On 26.06.2016 09:11, Mr Andersson wrote:


On 06/24/2016 10:55 PM, Jochen Theodorou wrote:
On 24.06.2016 18:12, Mr Andersson wrote:
[...]
static Groovy is on par most of the time, dynamic Groovy depends, but
I think it is more in the range of being 2.5 times java (100ms runtime
becomes 250ms). I think that is close enough.... and there is still
some potential

But a Java fork would be almost 1:1, if all it generated was Java like
code.

Java like code means to do what Java does. Basically you want a
language that includes Java and does things different only in parts,
which are not in Java... That means loosing ==, that means loosing our
array access logic, that means loosing double dispatch of course..
doing builders will become difficult... unless you want to do them
like Kotlin. Runtime meta programming basically impossible

I think the performance issues is the invokeDynamic calls that
groovy does internally, and they might not necessarily be needed.

there not that many of those, really.

[...]
However, any editor could in principle, and in theory tell you on any
call, what exceptions can be thrown and what kind of exceptions you
could choose to handle.

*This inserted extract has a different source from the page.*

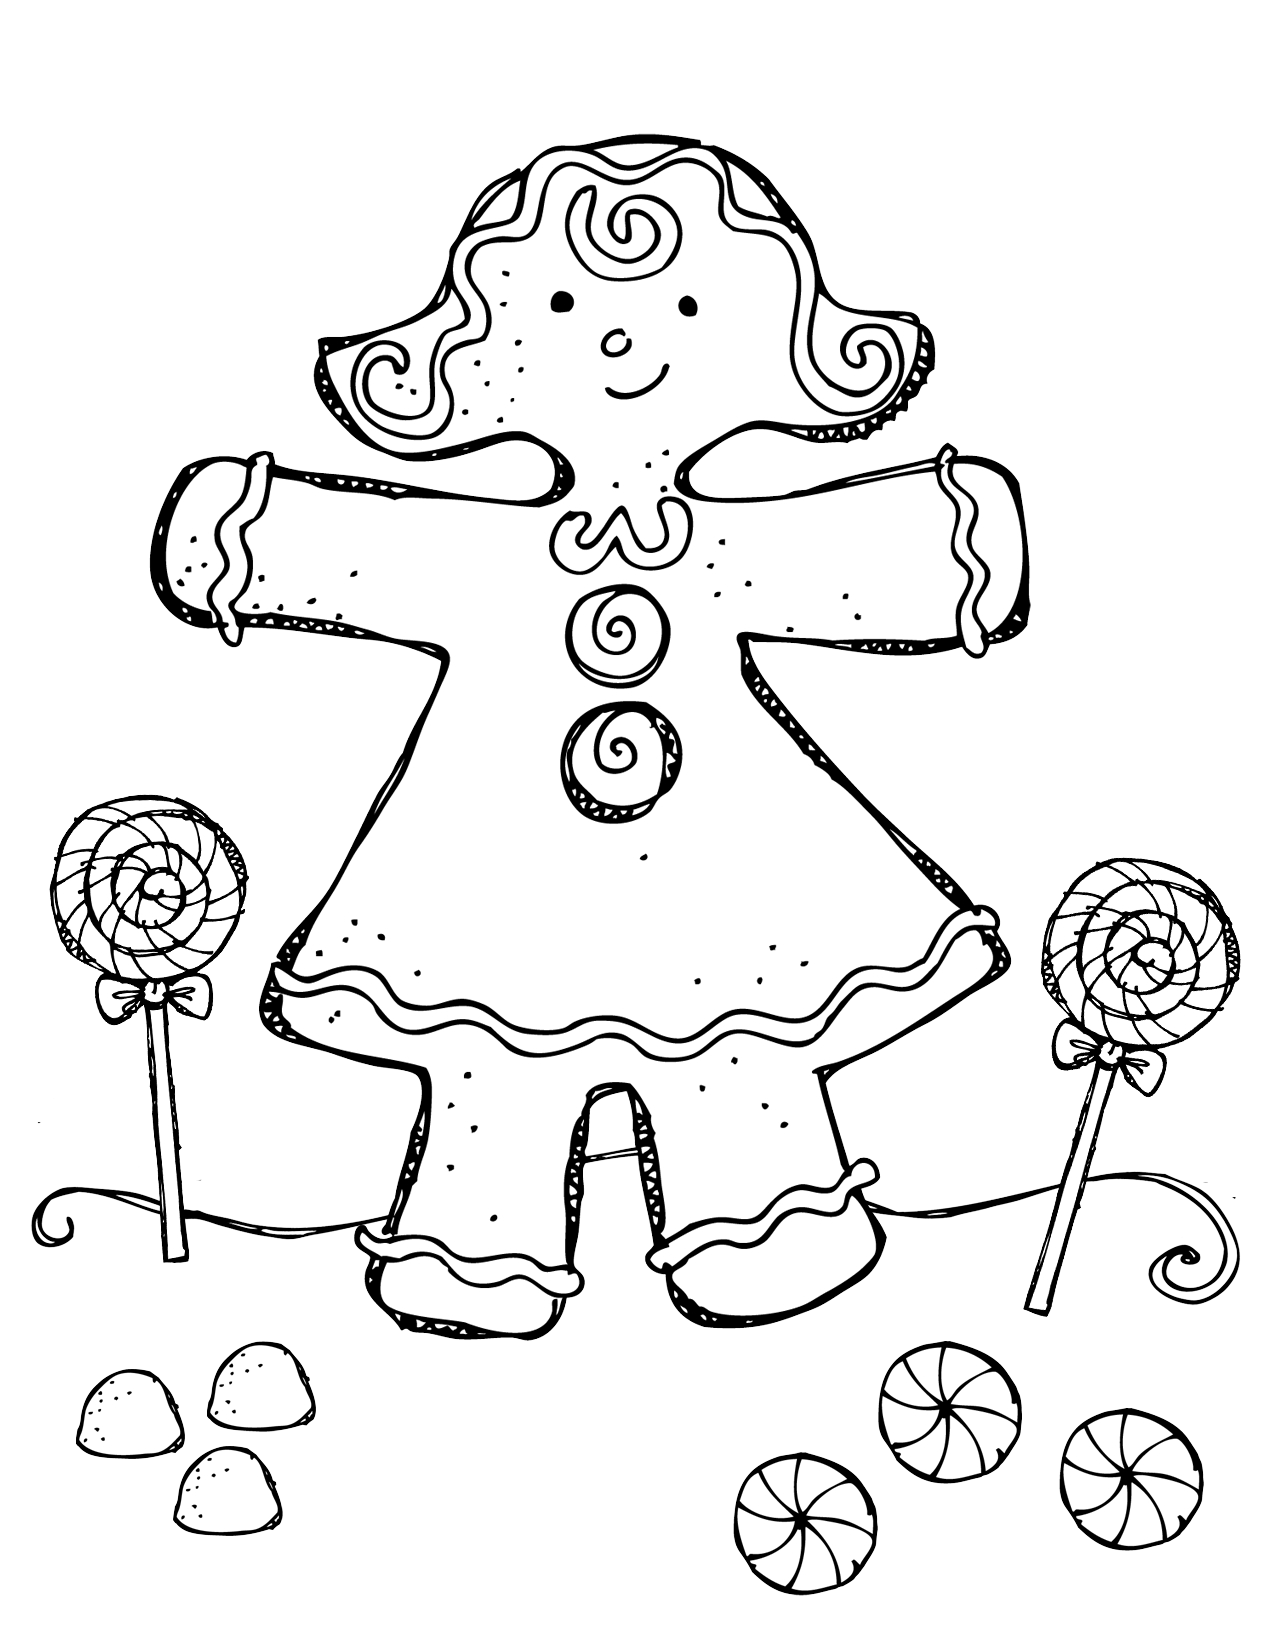 Gingerbread Boy Printable Coloring Pages: Gingerbread Man Coloring ...

Ofcourse that would result in many exceptions
often but the need to declare them on each method is largely syntatical
and ugly.

think of a public method and an unknown subclass overriding that
method. How can your editor know, that your library method can only
throw the exceptions you use in your code and no other? It cannot,
unless you make the method final, or say you don´t do libraries ;)

Yes, I also mentioned that case. But since that abstract method either
has an throws exception declaration on it for specifically stating what
kind of exception can be thrown, to notify the editor. One should still
however expect other types of exceptions. The thing is that currently,
even if an abstract method does not directly state it throws an
exception type, it can still throw a new RuntimeException(new
IOException()) so why force the wrapping in the first place?

wrapping is irritating me. The JVM does not really know a difference between a checked and a unchecked exception. Thus on the JVM level you really do not need to wrap anything.... and in Groovy we do not do that, if we can avoid it. In fact I removed lots of wrapped exceptions over the years, that have been only required to transport them through the runtime for the satisfaction of the java compiler.

Why force an implementor to either handle an exception type when most of
the time it doesn't even make sense to do so. If an implementor to a no
throw exception abstract method, say has to open a file and read it, and
then return a String, what should that implementor really do to handle
the IOException? First it happens so rarely that it doesn't make sense
to handle it, then even if you do handle it, you can only log it. The
abstract method caller still excepts a response, and you can not abort
the caller, unless you throw a RuntimeException and hope that he manages
it, or return null. Why trycatch(Runtime) when you could just as well
trycatch(Throwable) in this case. You would not need a getCause call to
figure out if it's wrapped or how many times it has been wrapped.  You
could also without wrapping trycatch(IOException) directly.

and then your project is also checked with sonar and it wants to force you to not just ignore the exception as well.. yeah, I know that pain

But to be honest, the entire notion of exceptions is kind of broken. An
IOException is not unique other than by at best it's message, and if one
decides to bubble an IOException, at some point you will no longer know
what actually was the root reason if in the call hierarchy as multiple
places can throw an IOException for various reasons.

but the question is how to make it better. Just making all checked exception unchecked won´t solve this.

I know of 3 ways of error handling...

(a) exceptions, like in Java, Python and many other languages
(b) error object or status code as return value, like C for example
(c) using multiple return to transport status code (or error object) as well as normal return value.. like Go

I don´t like option b much, but in all cases you need to adapt the control flow of your code to the error handling in some way or other.